### The data:
○ ○ ○ ○ ○

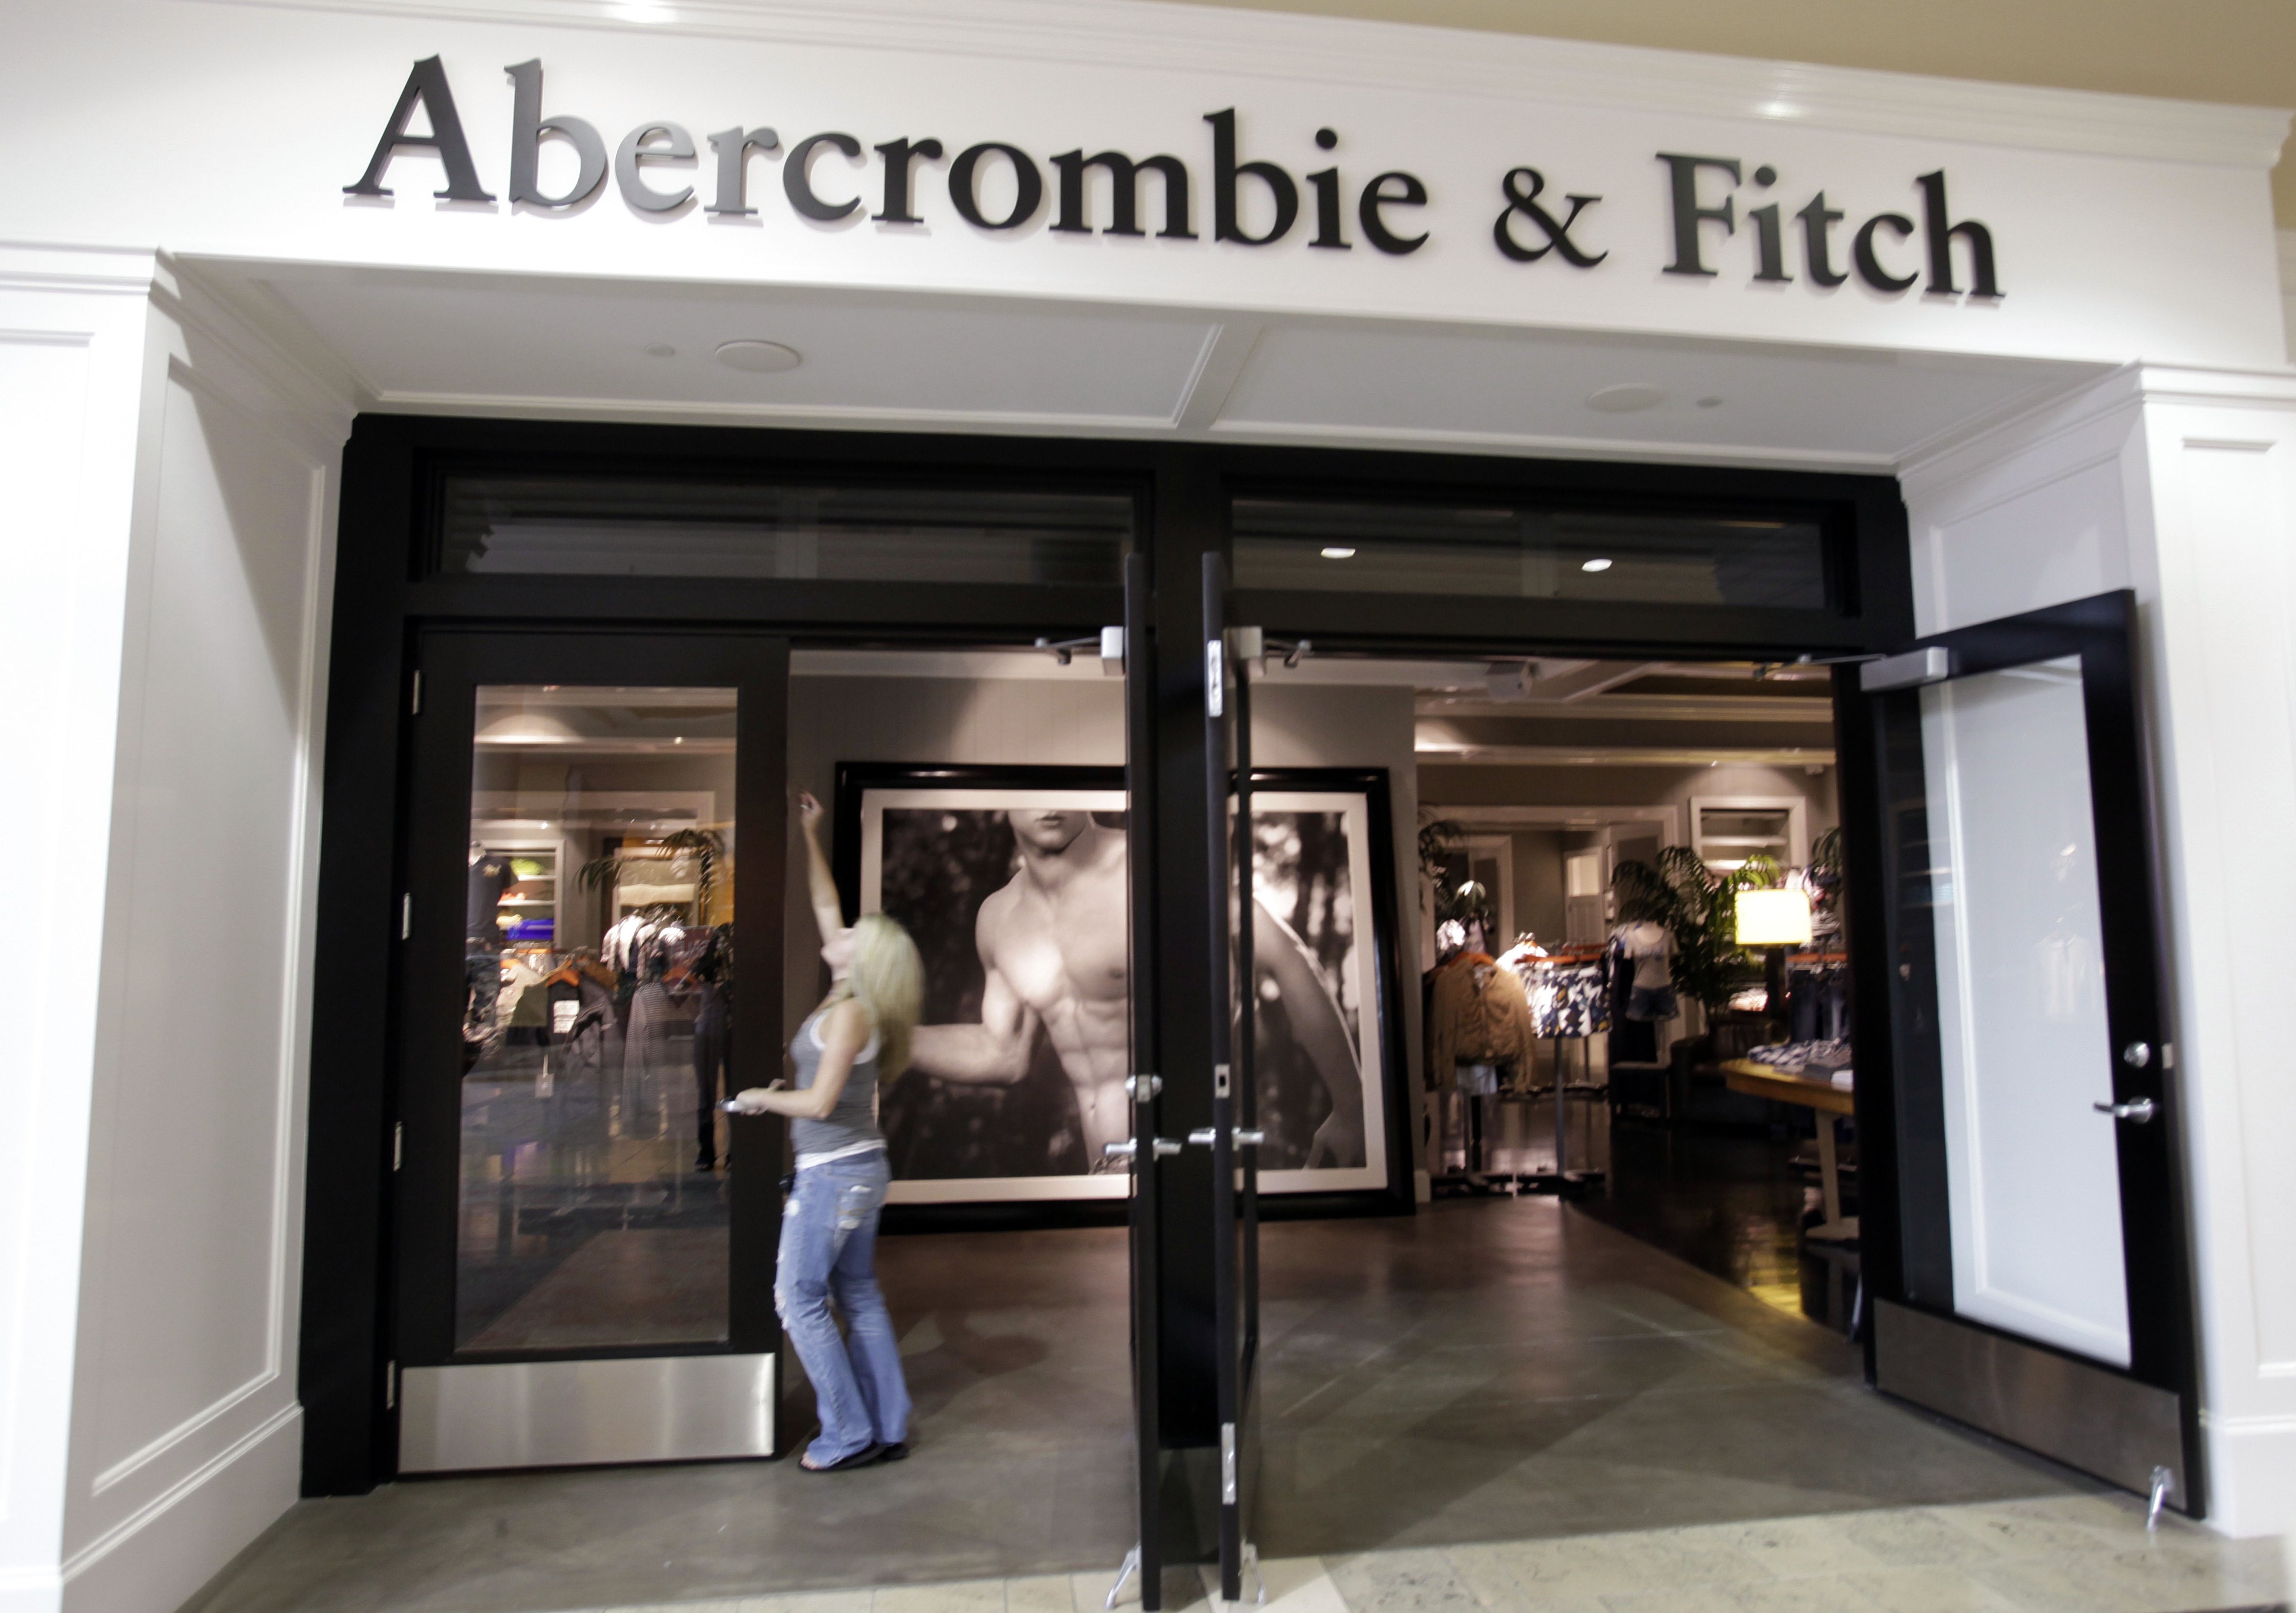 abercrombie and fitch employee dress code
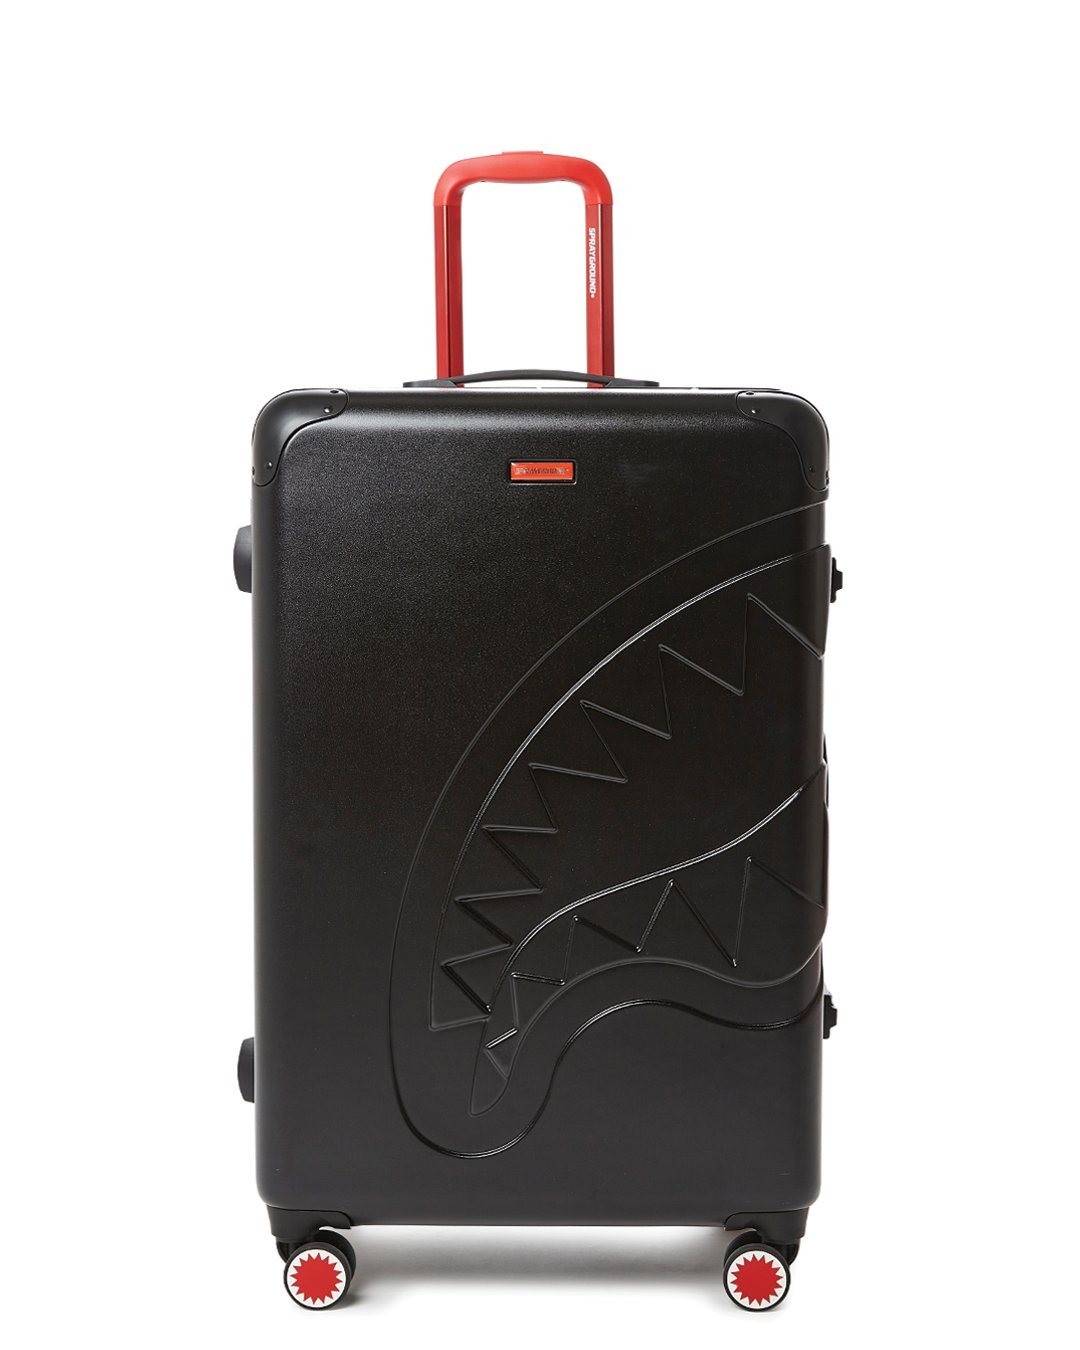 Discount | Sharkitecture (Black) 29.5” Full-Size Luggage Sprayground Sale - Discount | Sharkitecture (Black) 29.5” Full-Size Luggage Sprayground Sale-01-0
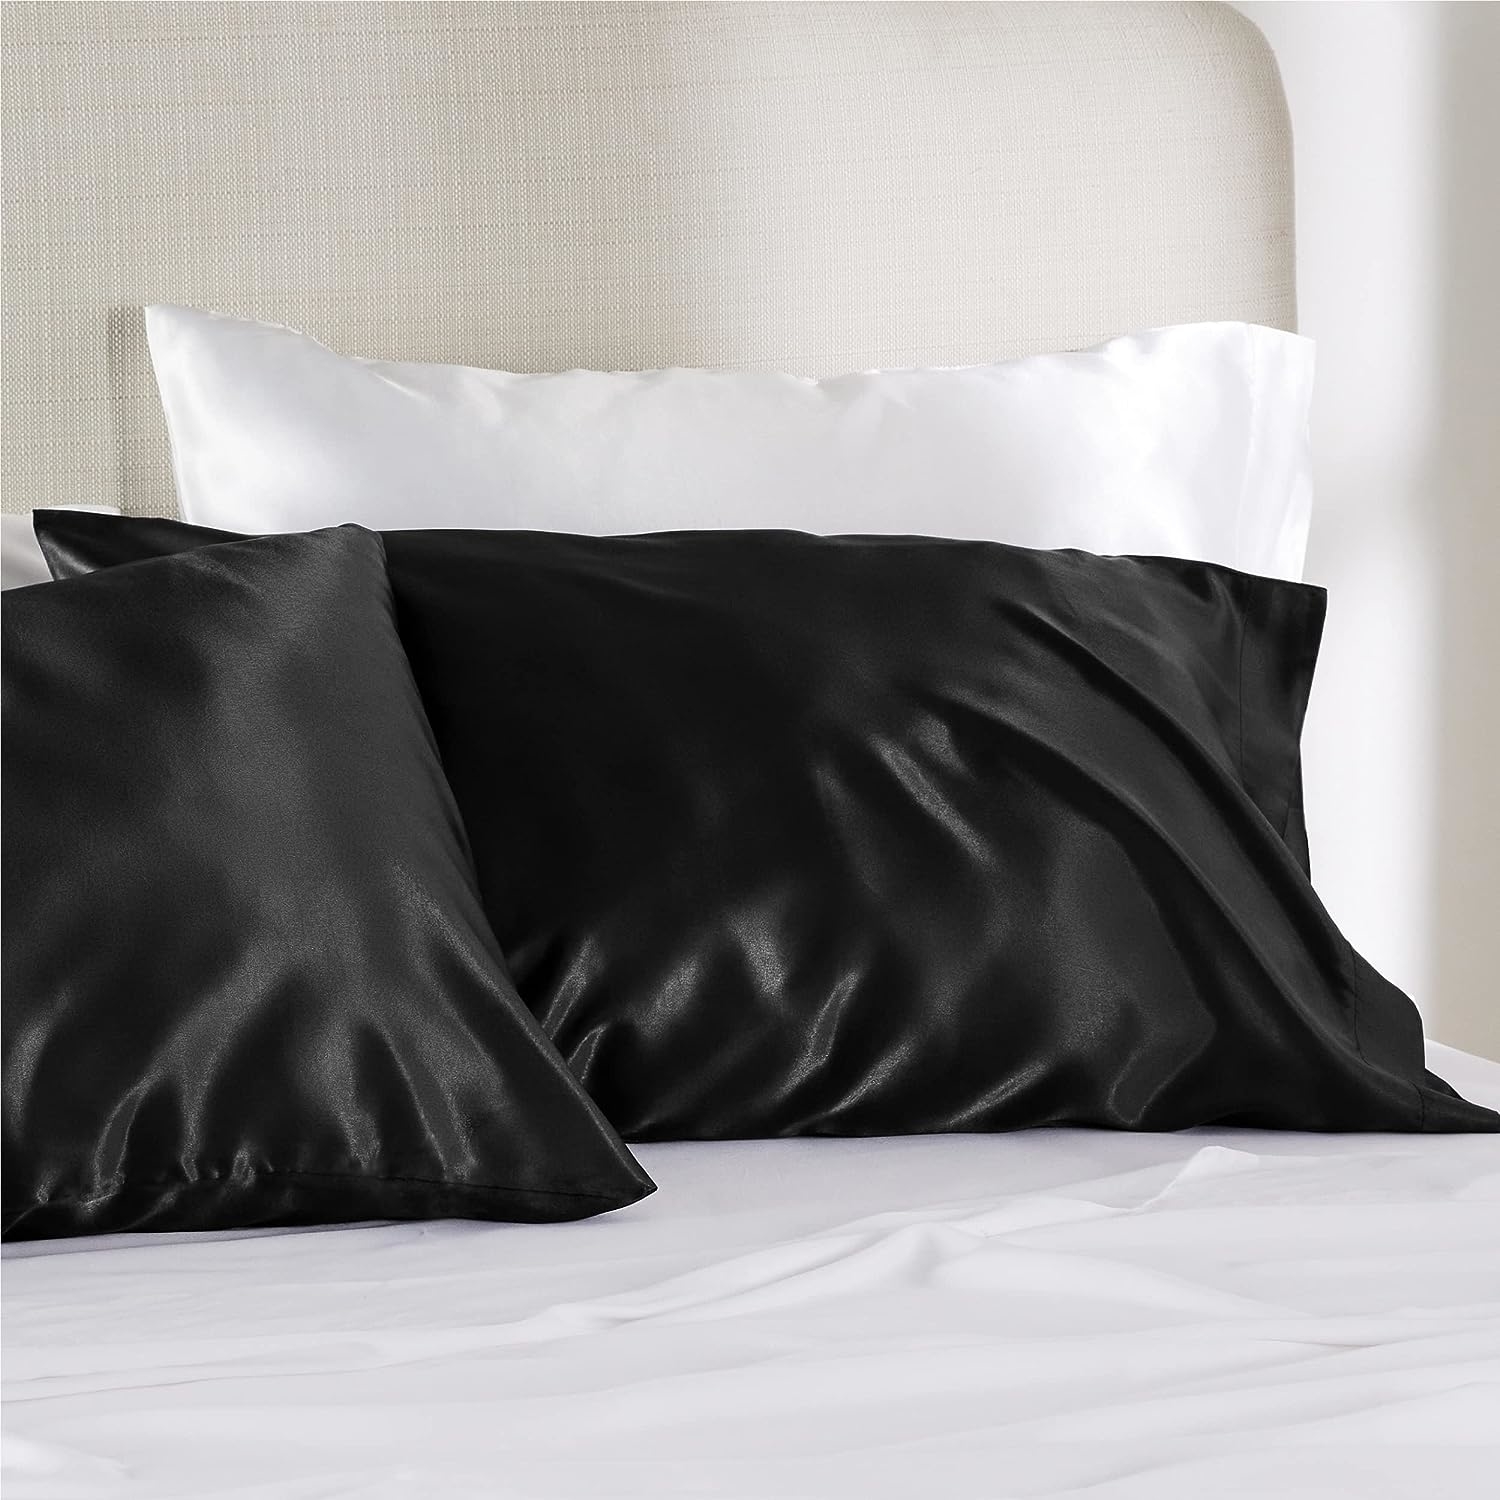 Two black satin pillowcases on a bed, signifying luxurious bedding options for shoppers

○ ○ ○ ○ ○

When copying the listing above, begin at its first line and stop after the line with "Luggage Sprayground Sale-01-0", keeping each line exact and dropping the pictures.

 abercrombie and fitch employee dress code
 Discount | Sharkitecture (Black) 29.5” Full-Size Luggage Sprayground Sale - Discount | Sharkitecture (Black) 29.5” Full-Size Luggage Sprayground Sale-01-0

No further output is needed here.